If infection control protocols outlined by the CDC and OSHA cannot be followed, the procedure should not be done.

***Another reference to CDC and OSHA.  However, it is referencing infection control protocols and not their recommendations with selection of procedures.

All patients should be screened for symptoms of COVID-19, such as temperature over 100.4 degrees Fahrenheit, cough or other symptoms, before arriving at the practice, social distancing should be maintained while in the practice, and patients should wash or sanitize hands frequently and wear a mask when not undergoing treatment. Tele-dentistry should continue to be employed when possible as patients might be able to be treated virtually with antibiotics and pain medication. Please remember to continue to use proper opioid guidelines in the dental practice, per clinical judgment.

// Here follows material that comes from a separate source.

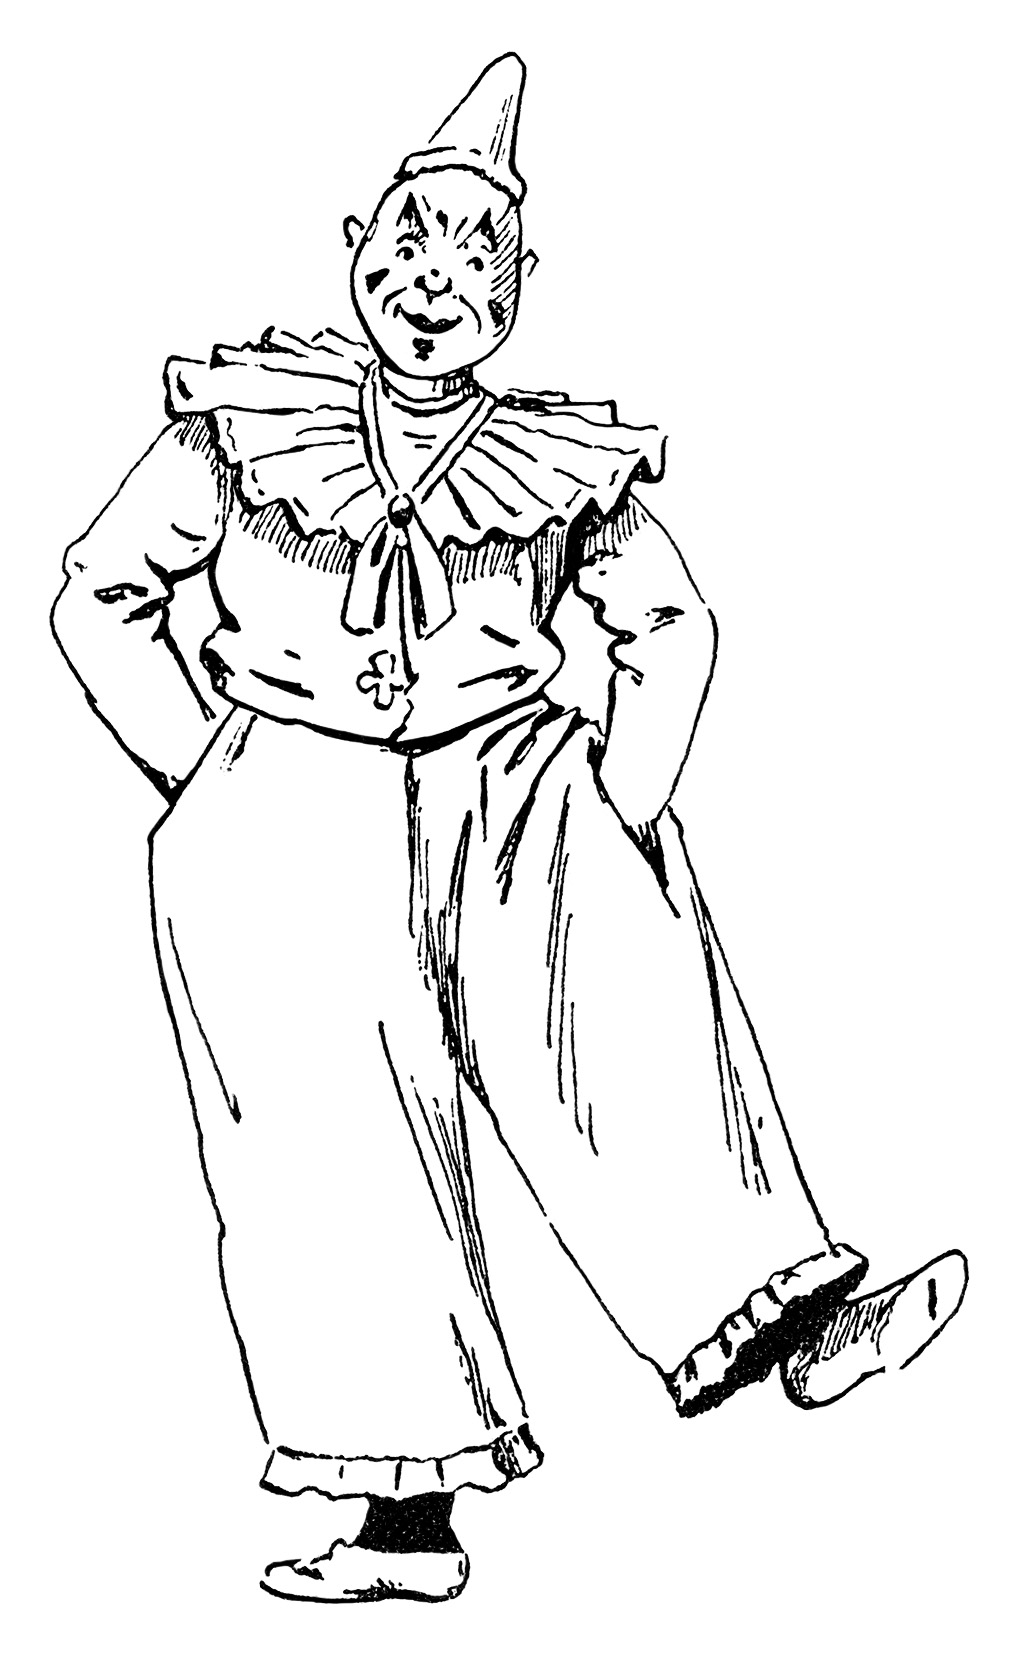 Circus Clown ~ Free Vintage Clip Art Image   Old Design ...

PATIENTS SUSPECTED OF CONFIRMED TO HAVE COVID-19 The Department is aware that many dental practices will not be able meet the stringent infection prevention and control requirements for treating patients suspected or confirmed to have COVID-19. If emergency dental care is medically necessary for a patient who has, or is suspected of having, COVID-19, airborne precautions (an isolation room with negative pressure relative to the surrounding area and use of an N95 filtering disposable respirator for persons entering the room) should be followed. In these cases, dental treatment should be provided in a hospital or other facility that can treat the patient using the appropriate precautions.

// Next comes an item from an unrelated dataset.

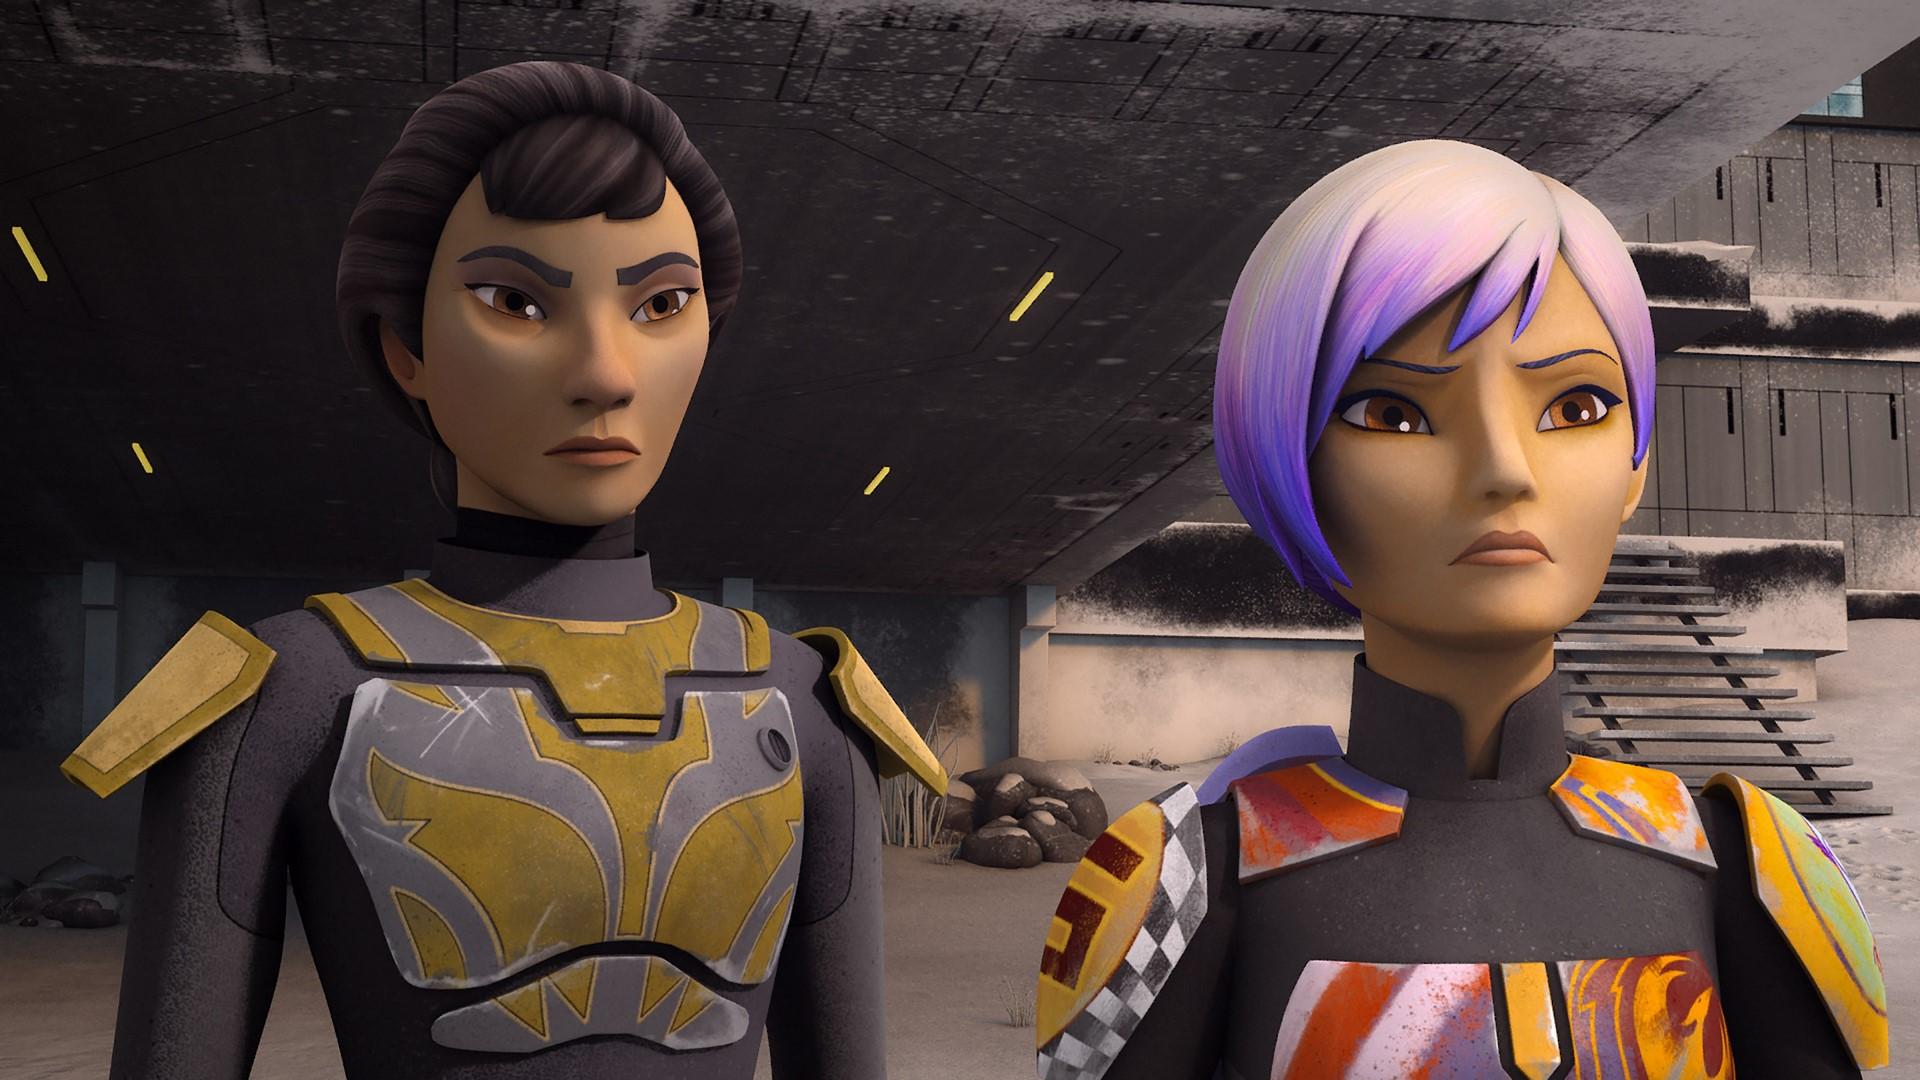 Sabine hot star wars rebels Sabine's Sick

  1. Can air and water be simultaneously from a syringe during an exam?  I believe this should be avoided, but I don’t know if this document legally prohibits it.  I believe diagnostic procedures do prevent irreversible damage from disease.
  2. Can prophy angles be used to do coronal polishing?  Yes, I do believe that the definition of aerosols allows for this.
  3. Are extra air handling measures required?  I do not see anything in the document that suggests these measures are a requirement.  I do personally believe that things like air filtration systems, additional HVE tools, and more thorough disinfection procedures are in order… just not required.
  4. Can a Cavitron be used for hygiene patients?  I believe a Cavitron can be used on a scaling and root planning patient because you are treating active disease.  I believe it is prohibited at this time for prophies and perio maintenance appointments.  Hand scaling will be required.  I believe the CDT code that is billed governs this.
  5. Can I use a hand-piece to treat carious lesions?  I believe so.  Decay is a progressive disease.
  6. Can I start an ortho case that will require the use of a hand piece?  Yes, if the ortho case is treating a functional or developmental issue.
  7. Can I start a veneer case?  I believe the answer is no.  Veneers are elective cosmetic procedures that usually require a high-speed hand piece.  The exceptions would be veneers done in conjunction with other treatments that are addressing biological or functional needs.
  8. Can I finish a veneer case?  Yes, any active treatment should not be delayed if there is a risk that delay could cause harm.
  9. Can implants be placed?  I believe so, if waiting could result in migration of teeth, loss of bone, or reduced function.
  10. Are whitening treatments allowed?  Yes.  They not meet the definition of aerosol procedures.
  11. What is the bottom line?  I believe the bottom line is no new veneer cases, no Cavitrons at preventive/maintenance visits, strict adherence to OSHA PPE guidelines, and an abundance of caution.